Word for word, copy the lines from the one with "Dailystorm - Богослов" to the last line of the data below, counting both, and keep every picture out.

[Recorded information]:
----------
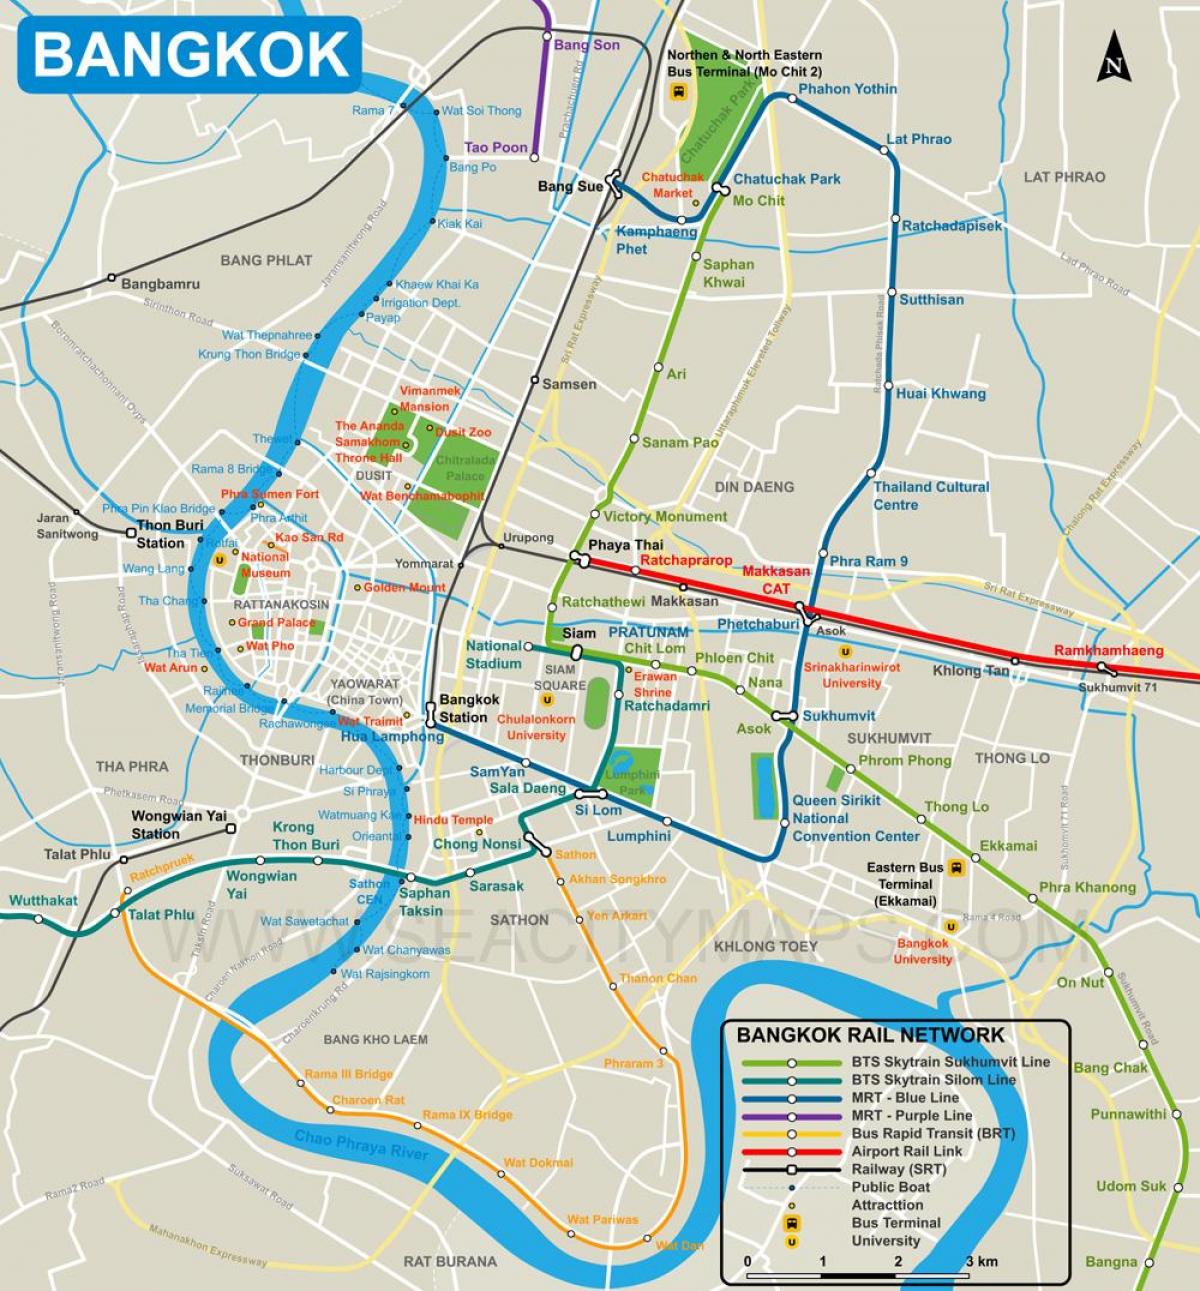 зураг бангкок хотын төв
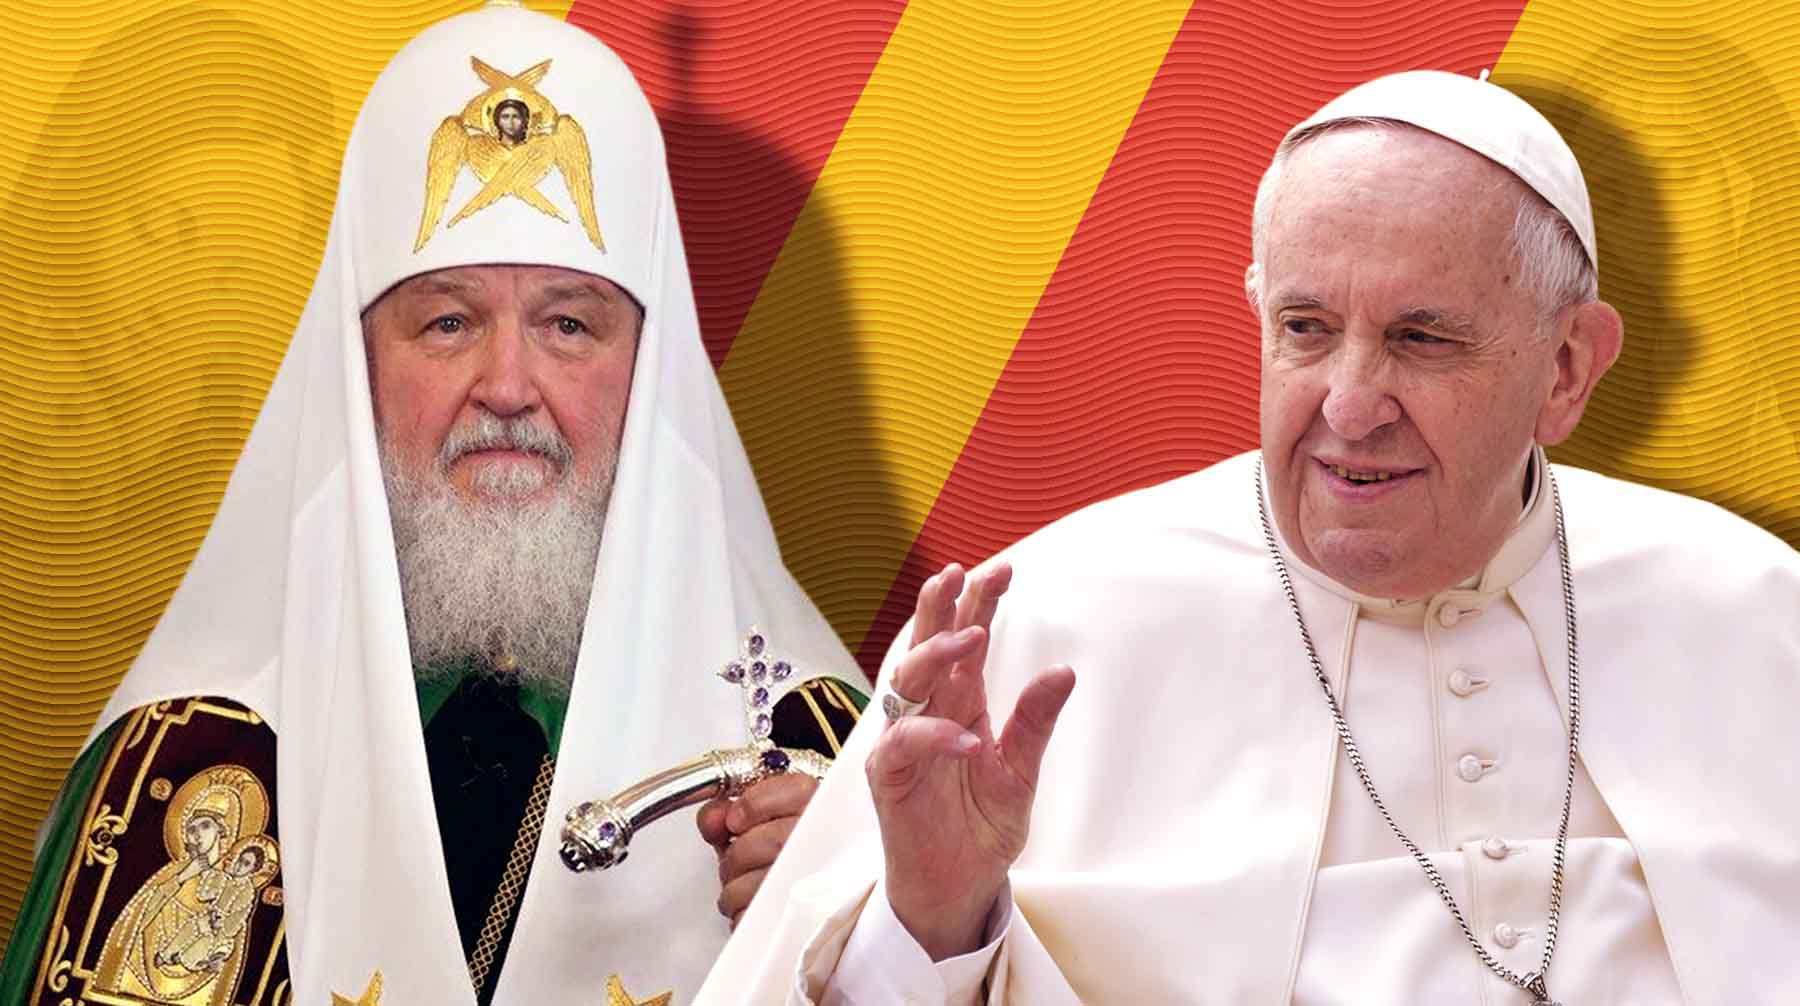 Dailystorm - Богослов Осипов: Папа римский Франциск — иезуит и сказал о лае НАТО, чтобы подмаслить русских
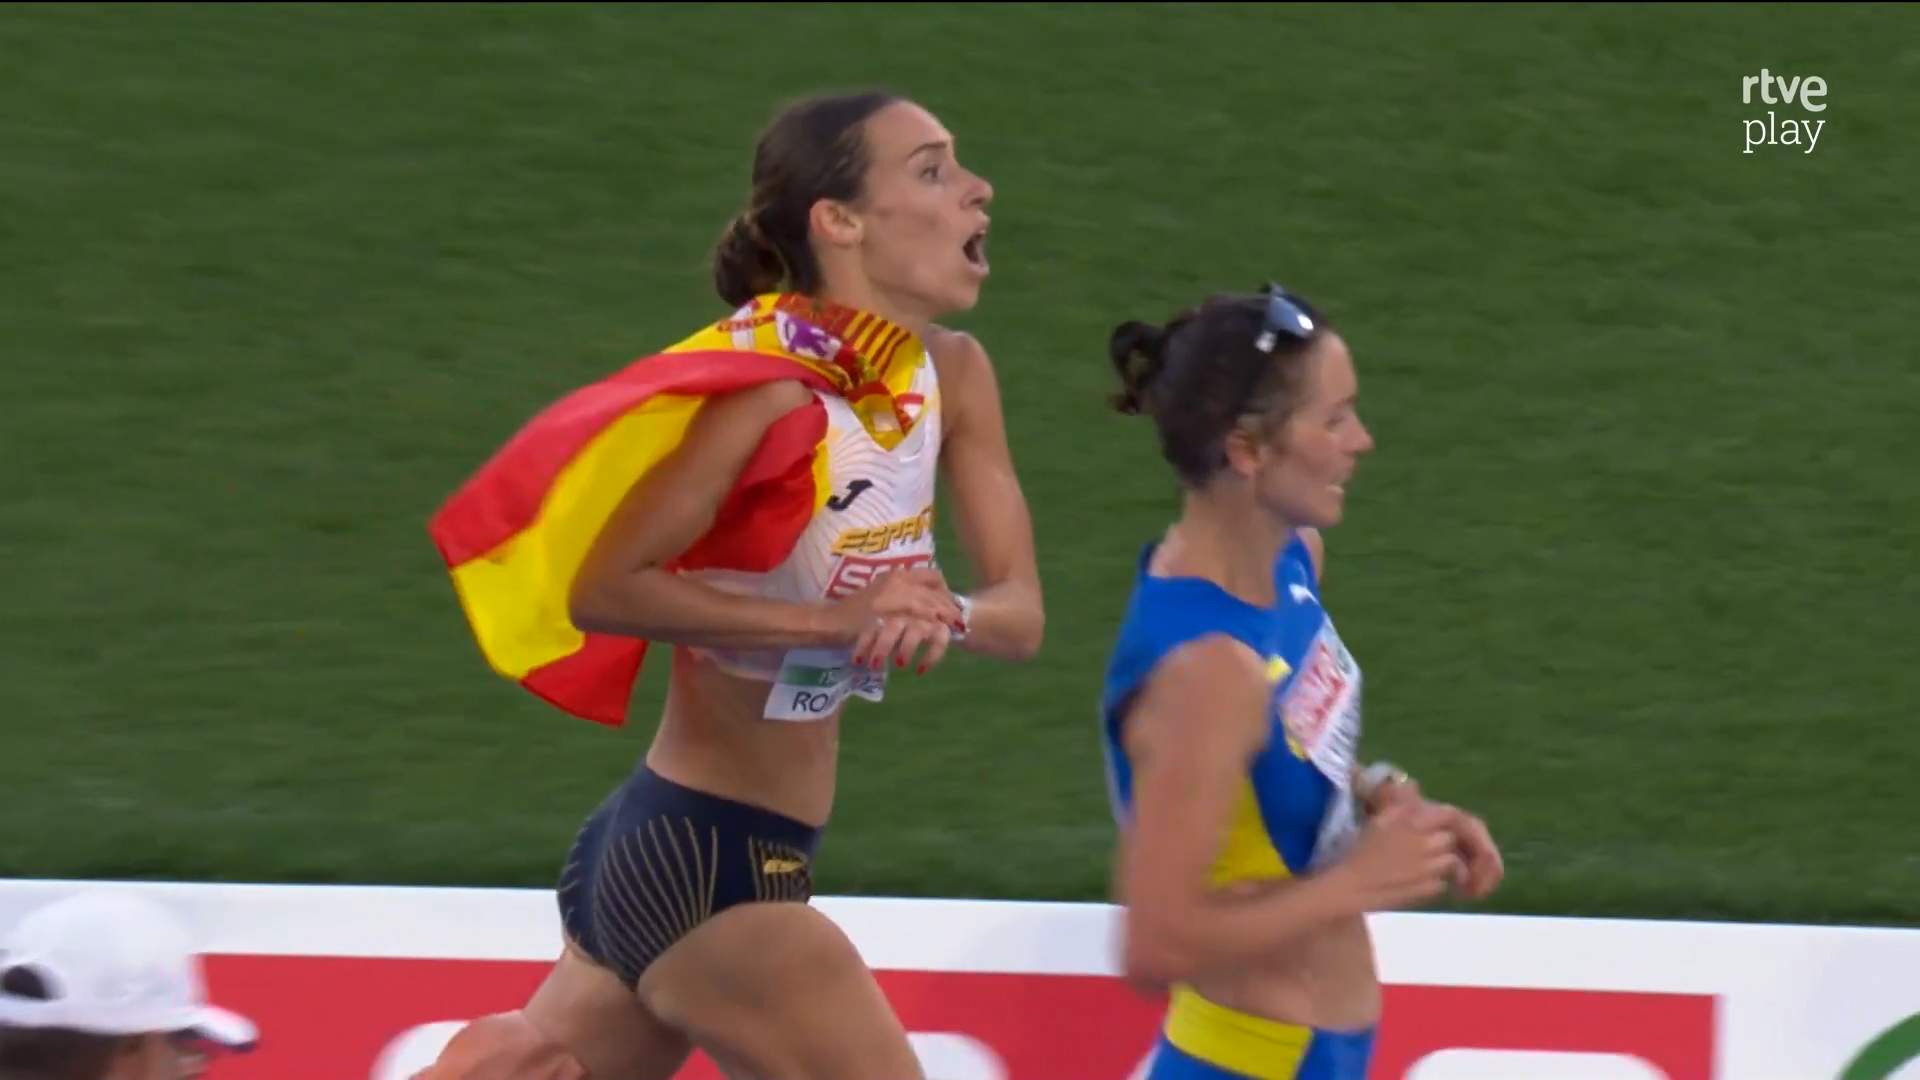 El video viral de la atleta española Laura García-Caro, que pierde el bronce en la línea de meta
----------
[Result of the task]:
 Dailystorm - Богослов Осипов: Папа римский Франциск — иезуит и сказал о лае НАТО, чтобы подмаслить русских
 El video viral de la atleta española Laura García-Caro, que pierde el bronce en la línea de meta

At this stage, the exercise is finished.